EXERCISE AIM. Return the data exactly, apart from leaving out the pictures.

SUPPLIED INFORMATION.
● ● ●
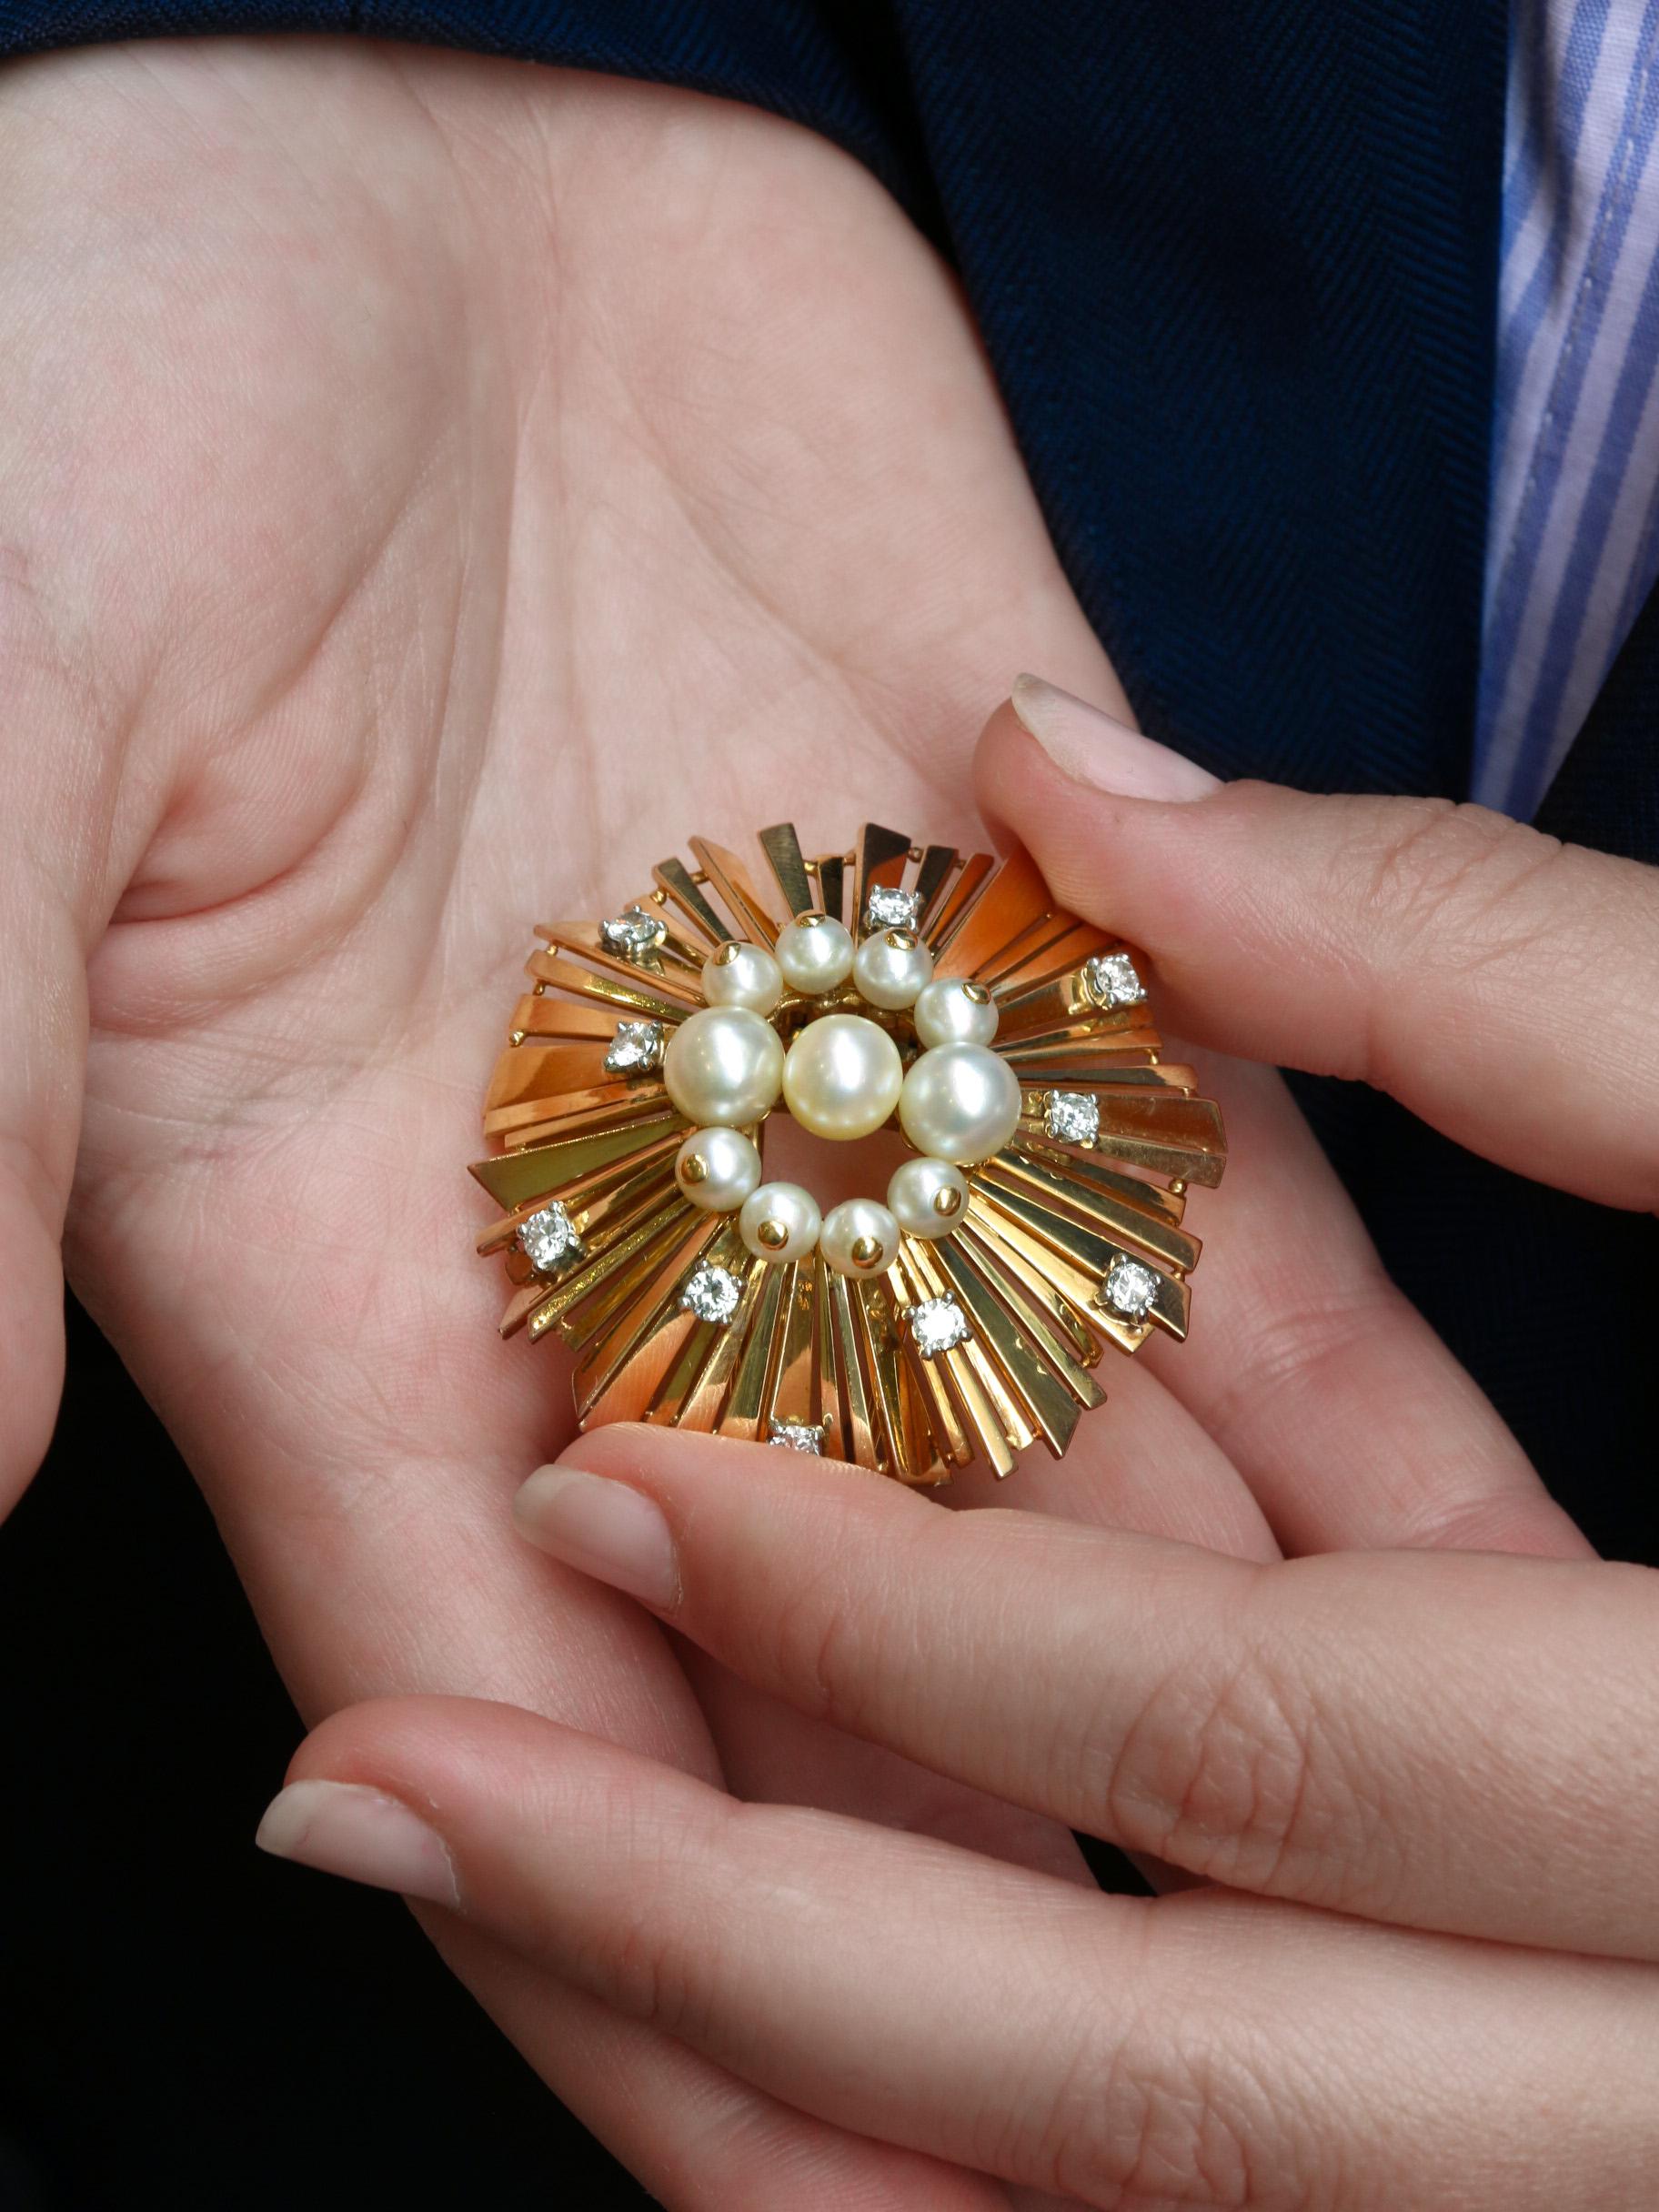 Cartier-Brosche aus 18 Karat Gold (750°/°°), besetzt mit Diamanten und Perlen. 
Die Brosche, die eine Sonne darstellt, besteht aus unterschiedlich großen Strahlen und wird von drei größeren Knopfperlen und vier kleineren Perlen, die von einem
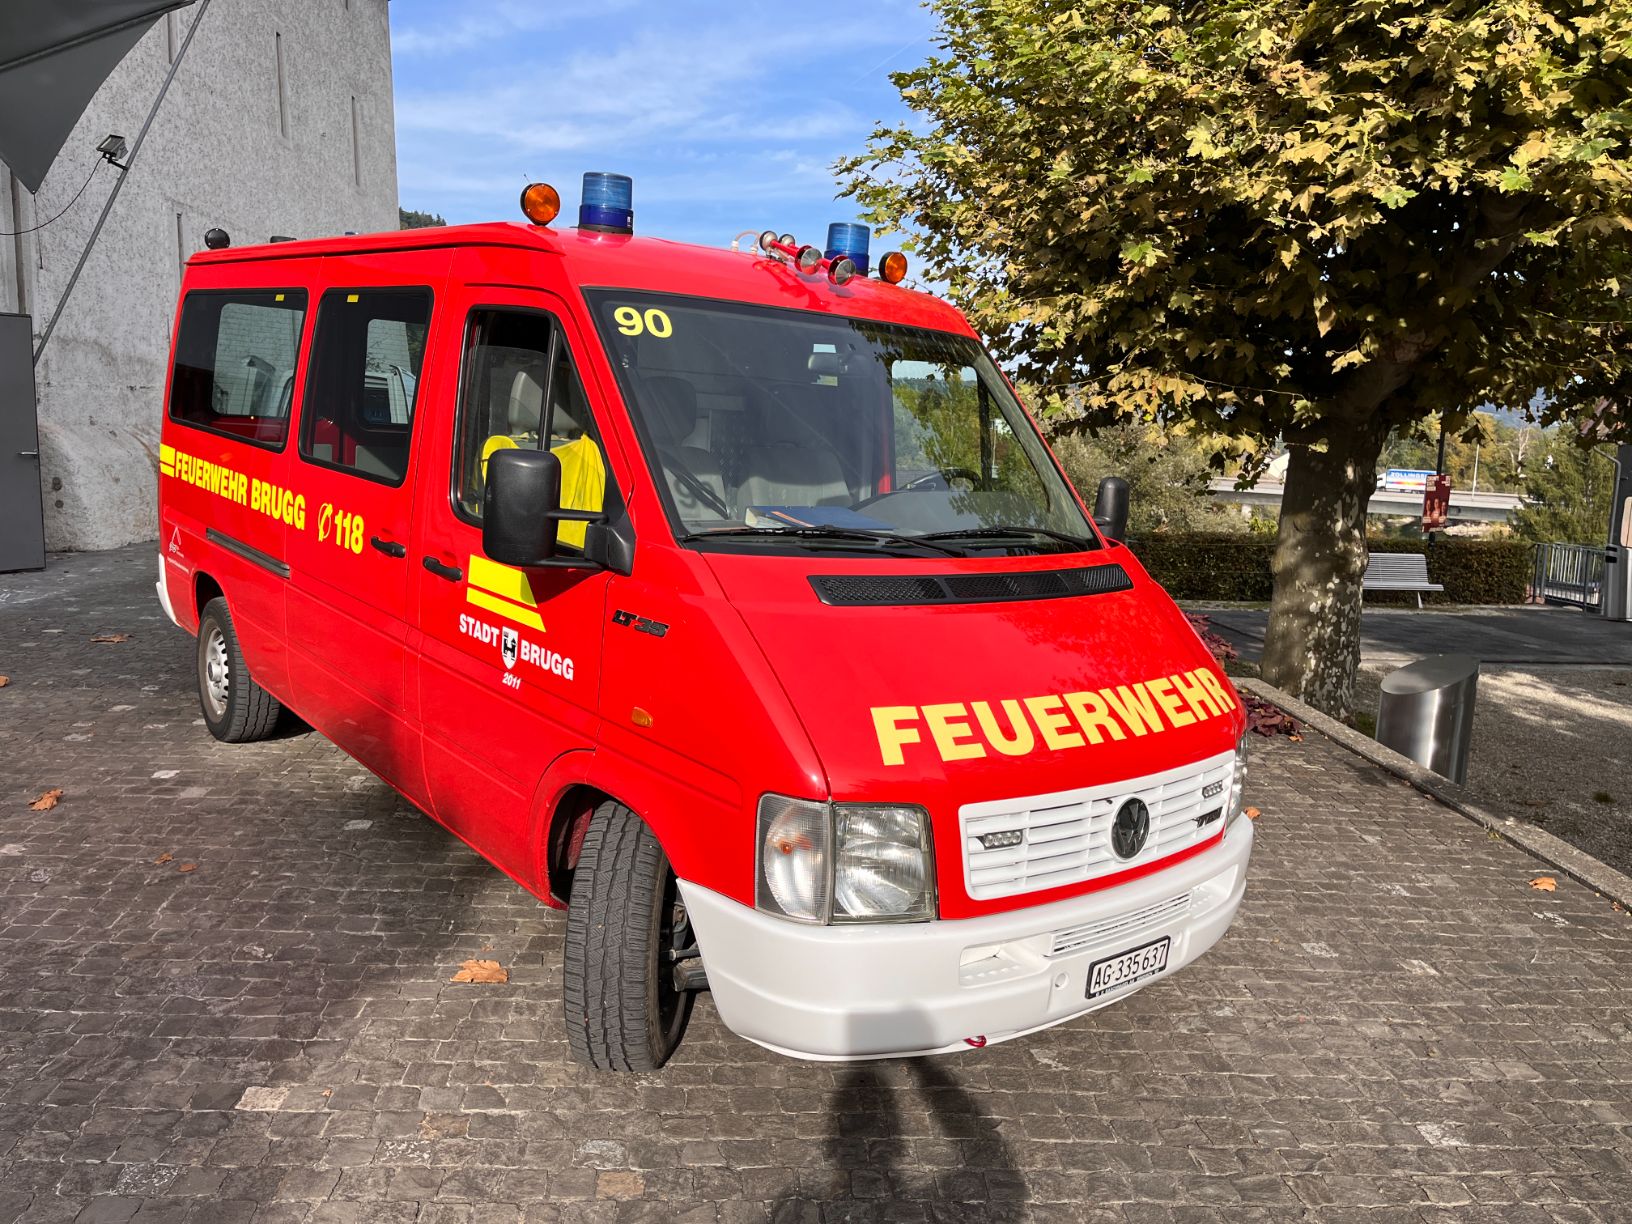 Auftritt im Salzhaus Brugg, anlässlich Vereidigung der 43 neuen Feuerwehroffiziere vom Kanton Aargau
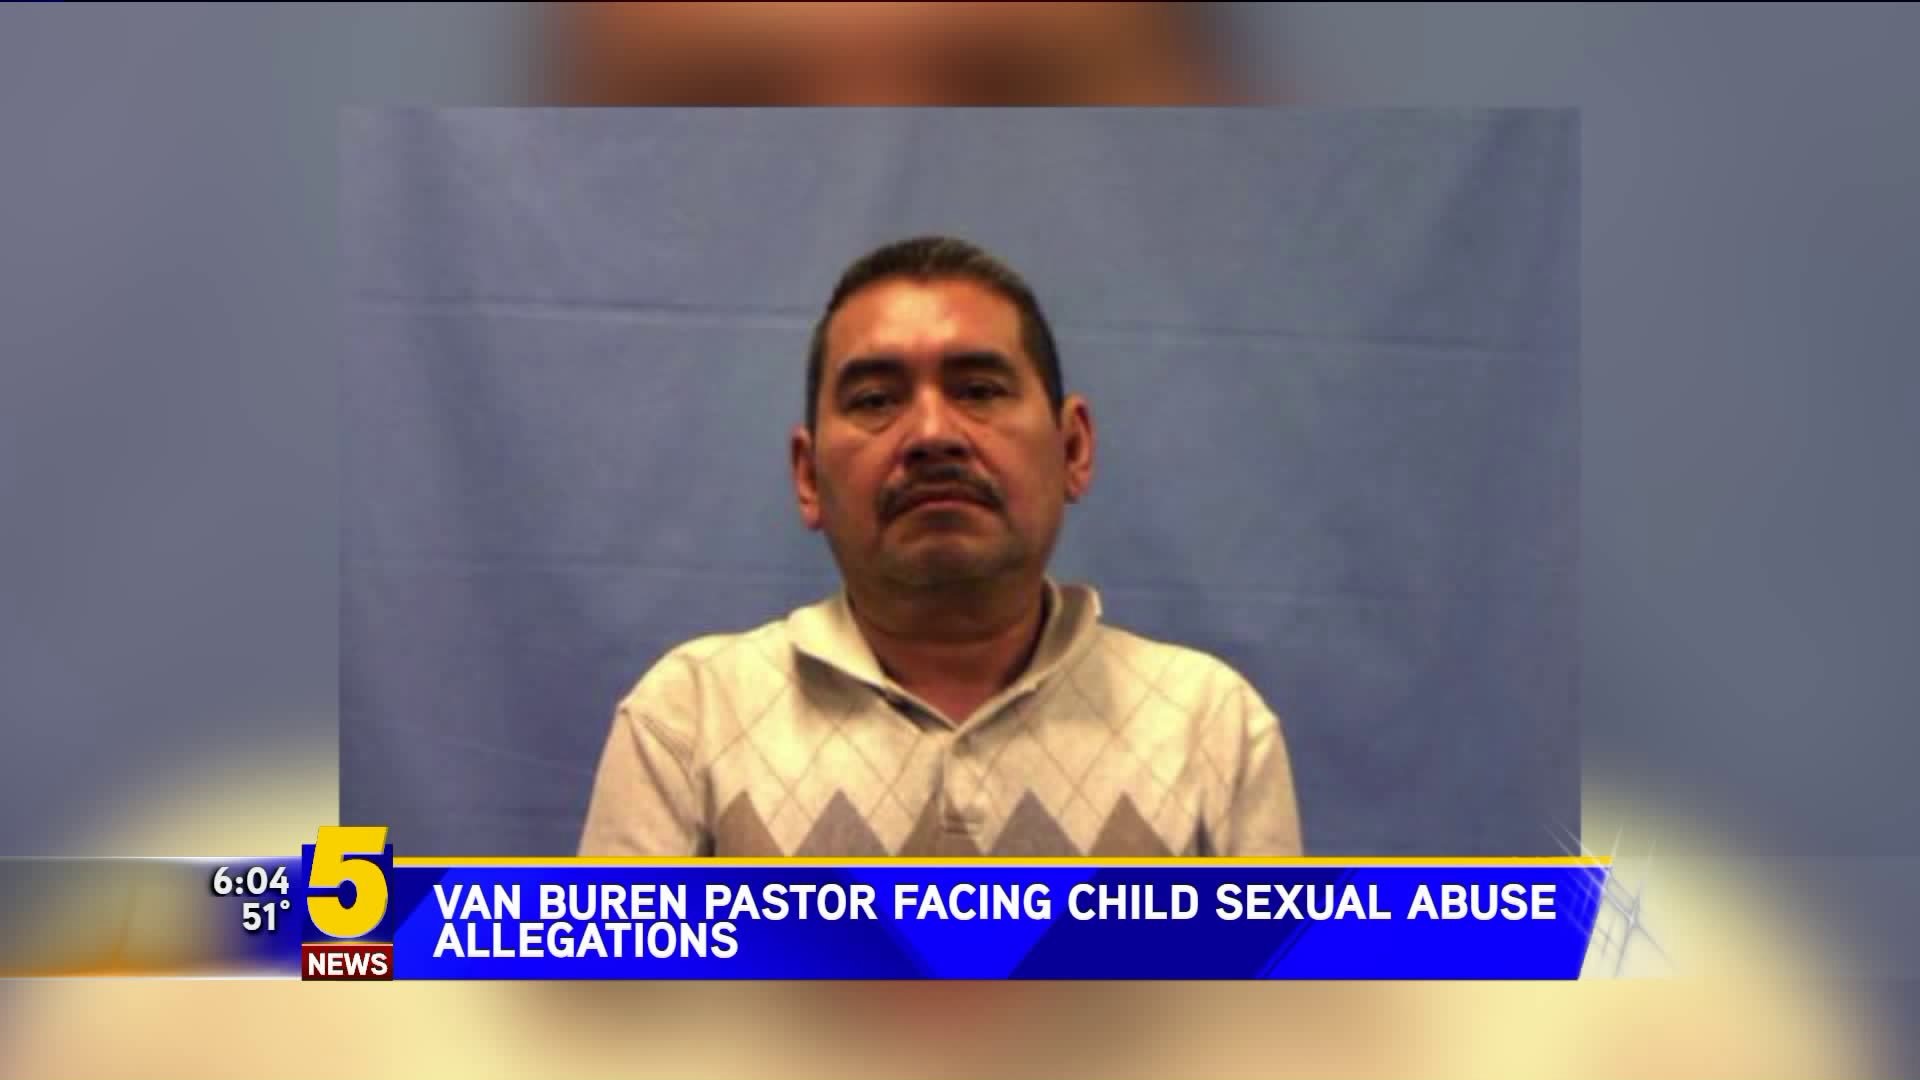 Van Buren Pastor Facing Child Sexual Abuse Allegations
● ● ●
RESPONSE AREA.
 Cartier-Brosche aus 18 Karat Gold (750°/°°), besetzt mit Diamanten und Perlen. 
Die Brosche, die eine Sonne darstellt, besteht aus unterschiedlich großen Strahlen und wird von drei größeren Knopfperlen und vier kleineren Perlen, die von einem
 Auftritt im Salzhaus Brugg, anlässlich Vereidigung der 43 neuen Feuerwehroffiziere vom Kanton Aargau
 Van Buren Pastor Facing Child Sexual Abuse Allegations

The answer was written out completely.